The whole thing is such a learning curve. I try to think back to my childhood and how all this felt.  The feeling I come up with his choking and suffocation.  Again a losing your voice reaction.
Title: How do you feel when criticized or questioned....
Post by: Anonymous on April 08, 2005, 12:15:17 PM
Hi bliz,
Quote
The Whistleblower idea makes sense also. I think some of the saner members of the family undersatnd that the Nar members behavior is ridiculous, but as said here they are afraid of the anger and it is easier to just go with the flow or find somebody else to pick on.
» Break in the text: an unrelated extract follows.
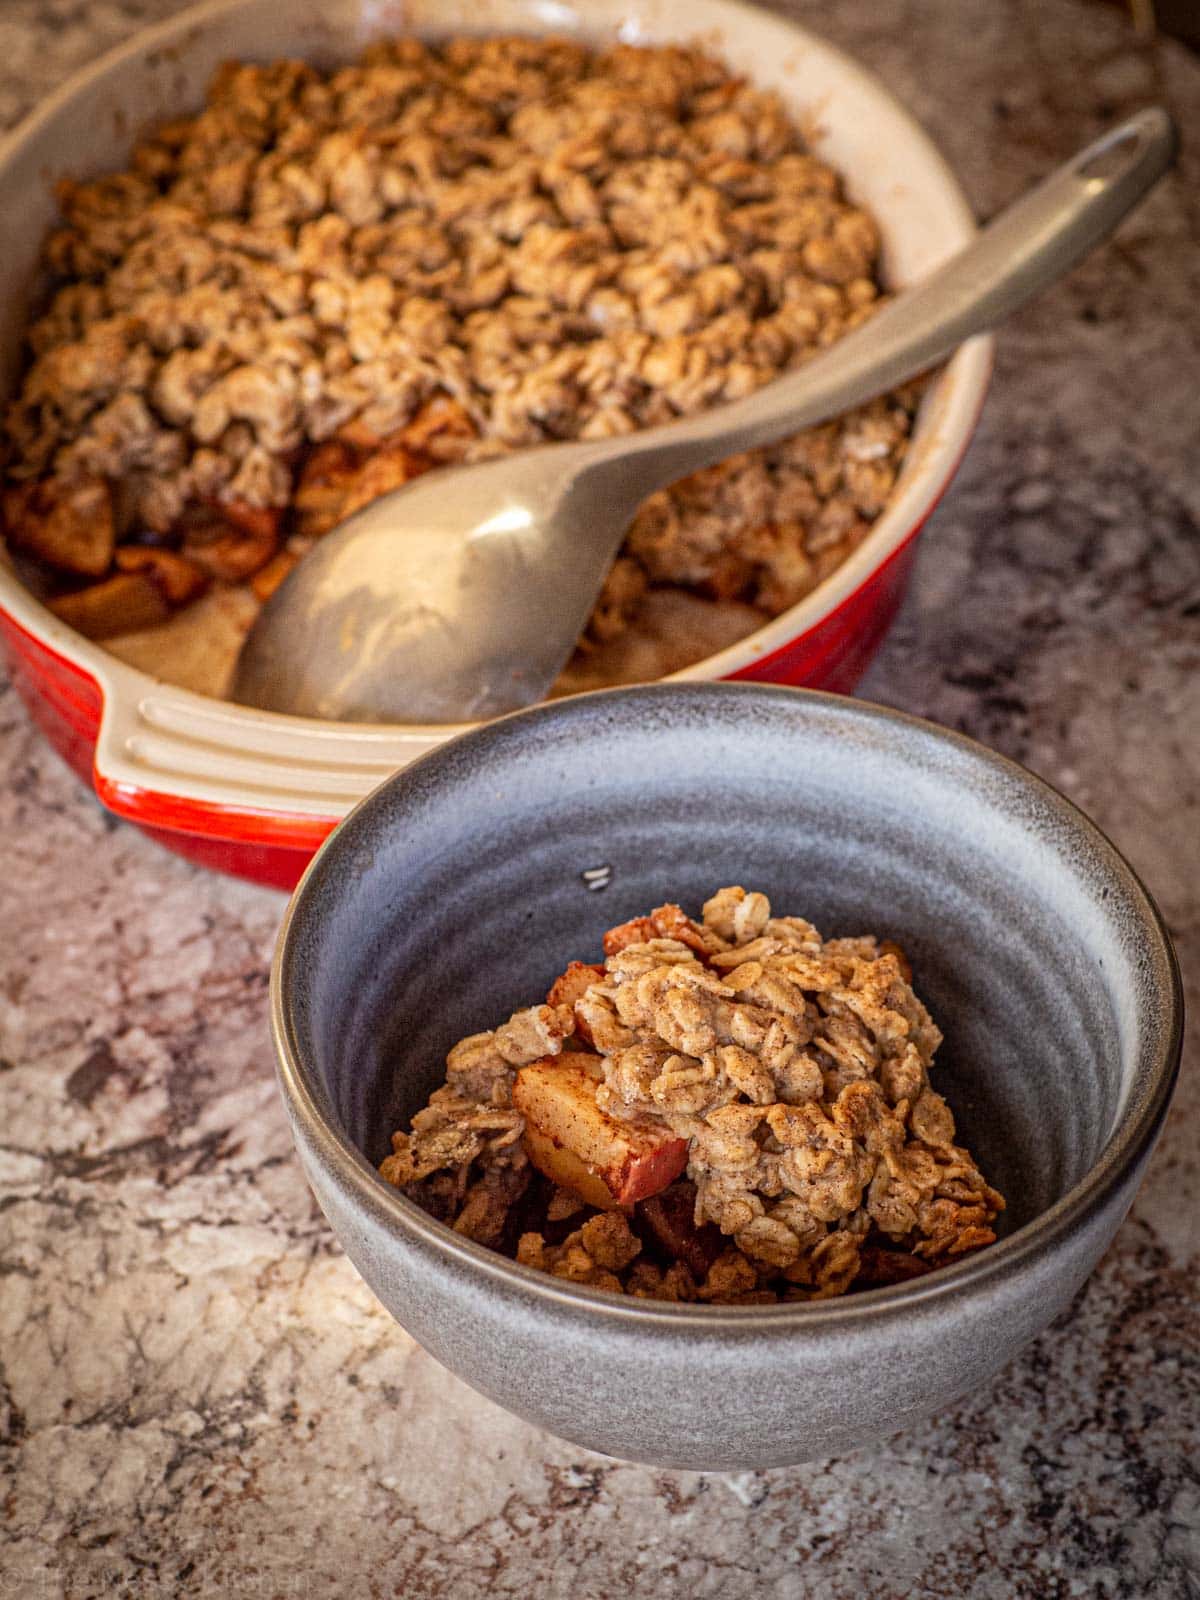 Apple crisp being scooped into a grey bowl from a red baking dish.

This kind of bugs me. I don't know if I'm more ticked off at my N or the people who just duck and hope he doesn't turn on them.
He's got the excuse of a PD, they're just chicken. I hope vunil doesn't  mind, but I'm marching the nazis in again.
Quote
When Hitler attacked the Jews I was not a Jew, therefore I was not concerned. And when Hitler attacked the Catholics, I was not a Catholic, and therefore, I was not concerned. And when Hitler attacked the unions and industrialists, I was not a member of the unions and I was not concerned. Then, Hitler attacked me and the Protestant church -- and there was nobody left to be concerned.

Its the same mentality. Duck and hope some other poor sucker gets it instead of you. Obviously Ns aren't Nazis, but they are bullies.

On the other hand I must confess to sitting by while he did this same thing to others before, so I can't exactly get holier than thou about it.

Once I got on the full blown receiving end of it though, it became clear to me just how morally indefensible it is to sit there and watch it being done to someone else. :evil:

mudpup
Title: How do you feel when criticized or questioned....
Post by: Bliz on April 08, 2005, 04:12:38 PM
I believe we should not sit by and watch it happen to somebody else.  I try to stand up when it is happening to others.  I suppsoe at one time it was kind of a sick satisfaction to watch sonebody else get it.  I know better now.  Also try to encourage the family members not to triangulate.  Not that I am having any great success.  For instance Mom gets so mad, frustrated at...(pick a brother).  I said recently you should tell them at the time it is happening.  She did agree, but will she do it.  Again I can only work with myself.